Step Three: Directly authorised

When it was clear With Jack was growing and starting to feel like a real business, it was a no-brainer to apply for direct authorisation. I had validated this and was making money.

This meant that—whilst I’d incur the upfront costs of becoming directly authorised—I’d retain 100% of the profits. The business had gotten to the point where I’d save money by being directly authorised.

Let’s take a look at some of the costs with becoming authorised:

  • £1500 application fee. It’s non-refundable even if your application isn’t approved
  • Annual fee to be paid to the FCA. This depends on the size of your firm, but for With Jack it costs around £1200
  • Compliance costs. Mine totalled £3600
  • £10,000 capital in a client fund account because I want to be able to handle client money

See how it adds up? It’s a lot of money to spend if you’re just getting started.

As for how long my application took… I started putting my application together in April and got the green light in October. 6 months all in.

Scrappy beginnings

Here’s how I got started quickly and cheaply in a regulated industry.


Pros: Launched a landing page quickly, identified my target audience and discovered I could monetise it.

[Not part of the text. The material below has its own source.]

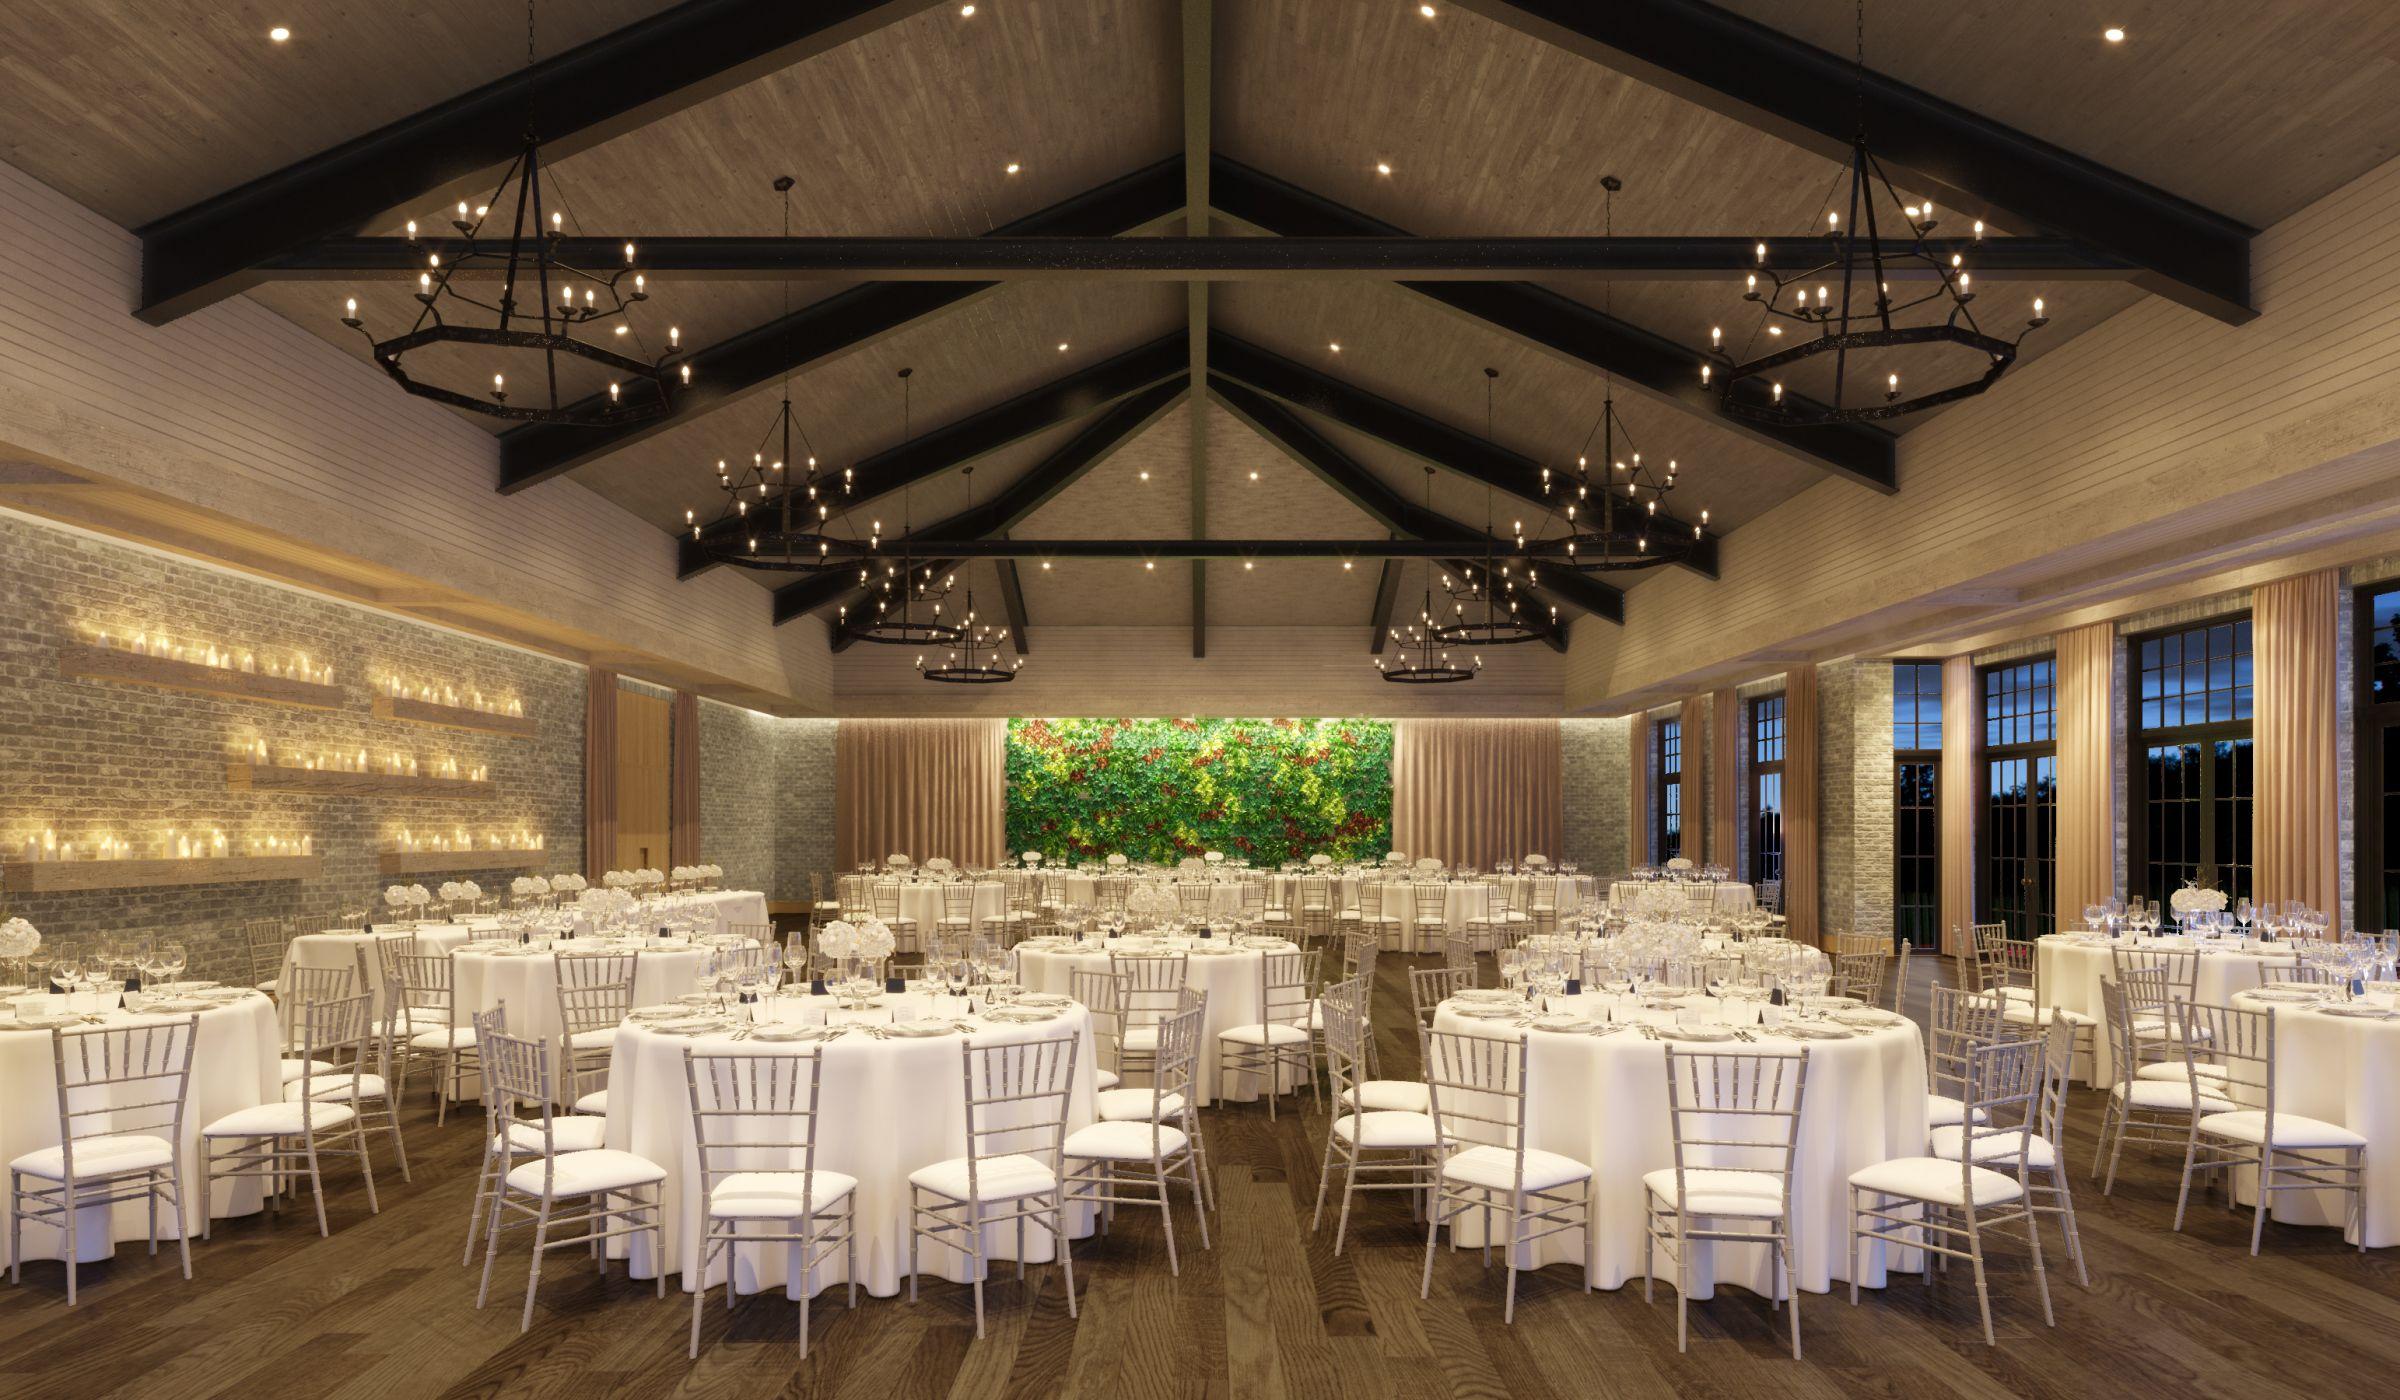 8 Wedding Venue Trends For 2017

Cons: No control over the customer journey and no access to customer data. Not a viable solution long-term.

Things don’t have to be perfect at this stage. Think of it as an experiment. Use this phase to collect as many insights as you can. For example, I used my landing page to collect data as to what kind of businesses wanted to sign up.

Insurance incubator

Pros: Could now perform regulated activities, build my own tech and get to know my customers.

Cons: Didn’t have complete control over the business.

This is a stepping stone, but there’s a bit more skin in the game now. With the incubator there’s the freedom to see if you can turn this into a real business, minus the regulatory overhead and pressure.

Directly authorised

Pros: Gives you more internal control over your business.

Cons: Requires a lot of capital and comes with more responsibility.

You’re all in now.

I’m happy with the approach I’ve taken. Instead of diving into the deep end, every step has been methodical and organic. This was the easiest and smartest way for me to break into the industry and grow my business.

If you’re building something in healthcare, banking, financial services etc, it can be difficult to get started quickly and cheaply.

It’s not just regulated industries. A lot of the low hanging fruit has been done—I don’t think we need another to-do list app! Many of us are moving into industries that are complex or coming up with ideas that are more elaborate. Sometimes it might take more workarounds or hacks to get started and validate something.

I hope this proves there are other options than taking VC funding and going in all gun’s blazing. That does work for some people—it just never appealed to me.

My journey from affiliate and scrappy landing page, to appointed representative in an insurtech incubator and finally becoming directly authorised is what’s worked for With Jack.